Clarity of purpose, investment, and providing the workforce of the future, are key to stimulating business growth. R&D cannot solve every social, economic or labour issue, but rapidly expanding the concentration of technologies in the economy does leave wider social considerations. As Wilson put in his speech to the Labour Party conference

Since technological progress left to the mechanisms of private industry and private property can lead only to high profits for a few, a high rate of employment for a few, and to mass redundancies for the many, if there had never been a case for Socialism before, automation would have created it.

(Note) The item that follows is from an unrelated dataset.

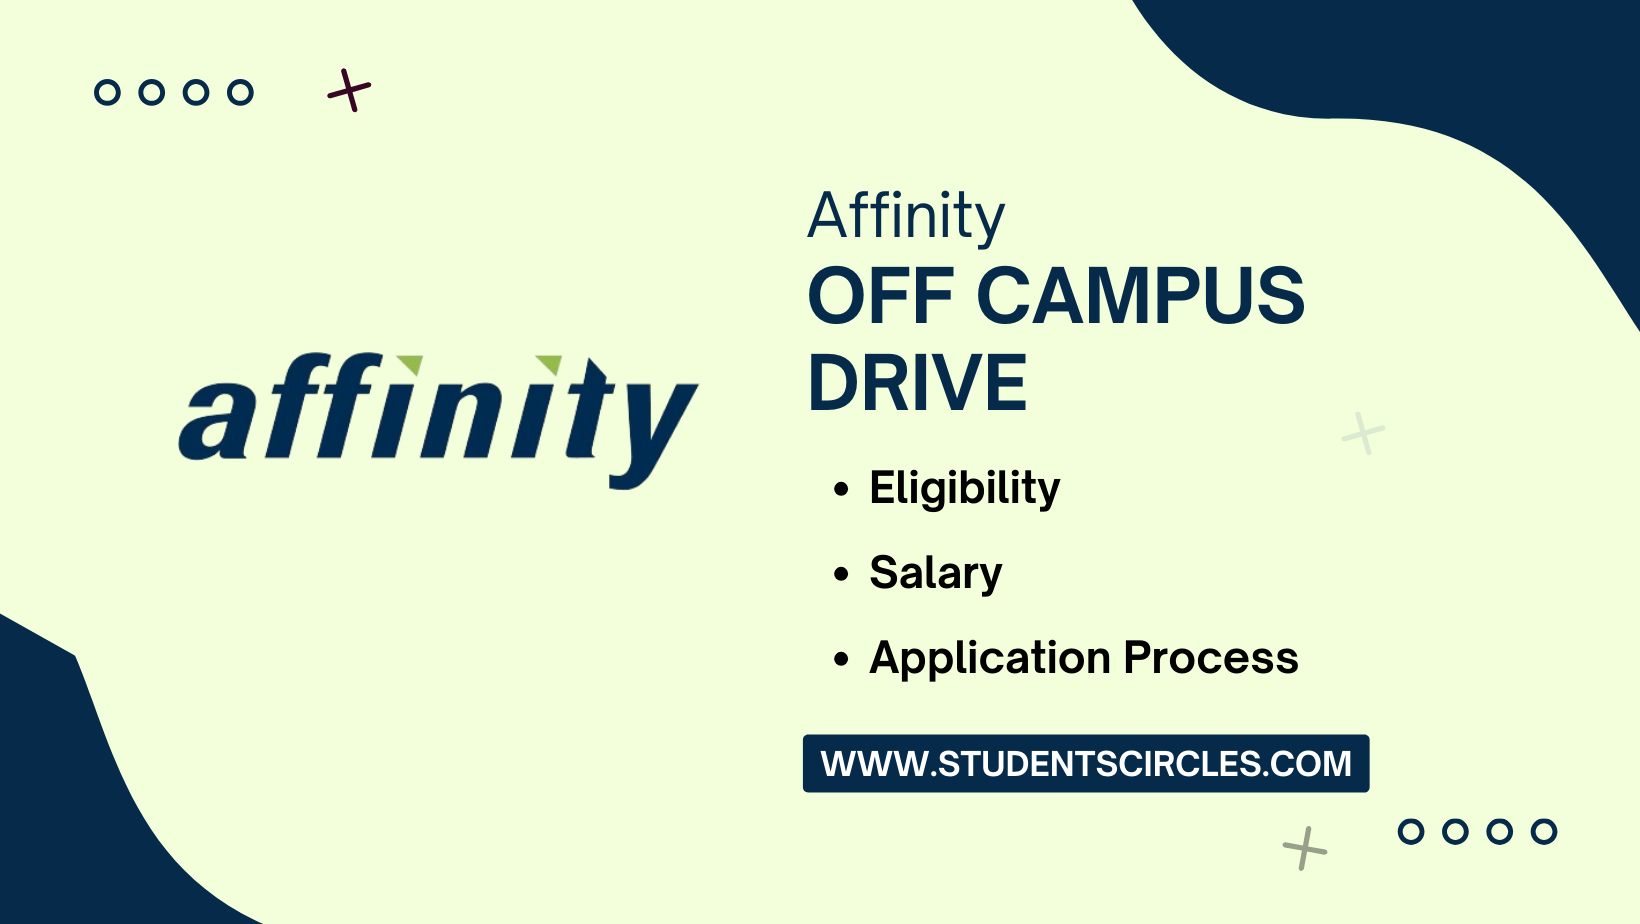 Affinity Off Campus Drive

The language here reflects the industrial relations of the time but the sentiment is nonetheless important. Then as now the private sector follows public investment which in turn crowds in agglomerate benefits. The extent to which this value is then captured by the state, after all the activity arises from state investment, is crucial. There are ways to innovate around socially valuable activities like more generous R&D tax relief for sustainability projects or where there is business and university collaboration. This won’t be enough to move the dial on investment on its own. The UK’s Innovation Strategy sets out seven research families but these already stretching priorities are pulled to breaking point when adding in moonshots, roadmaps, and the like, on top.

In America, Joe Biden has set a target to cure cancer and cut cancer death rates by 50 per cent in the next twenty five years. Labour needs an equally large and straight forward goal to rally investment and enthusiasm around. Imagine a Labour Party which commits to being the first OECD country to hit net zero and sets out the training, investment, and improvements of life to get there. The UK could be a true global leader in this field and improve the life chances of all its inhabitants while it is at it.

As conference season approaches there is a vacuum of research policy for Labour to fill. To recapture the ambition of Harold Wilson:

The Britain that is going to be is going to need you.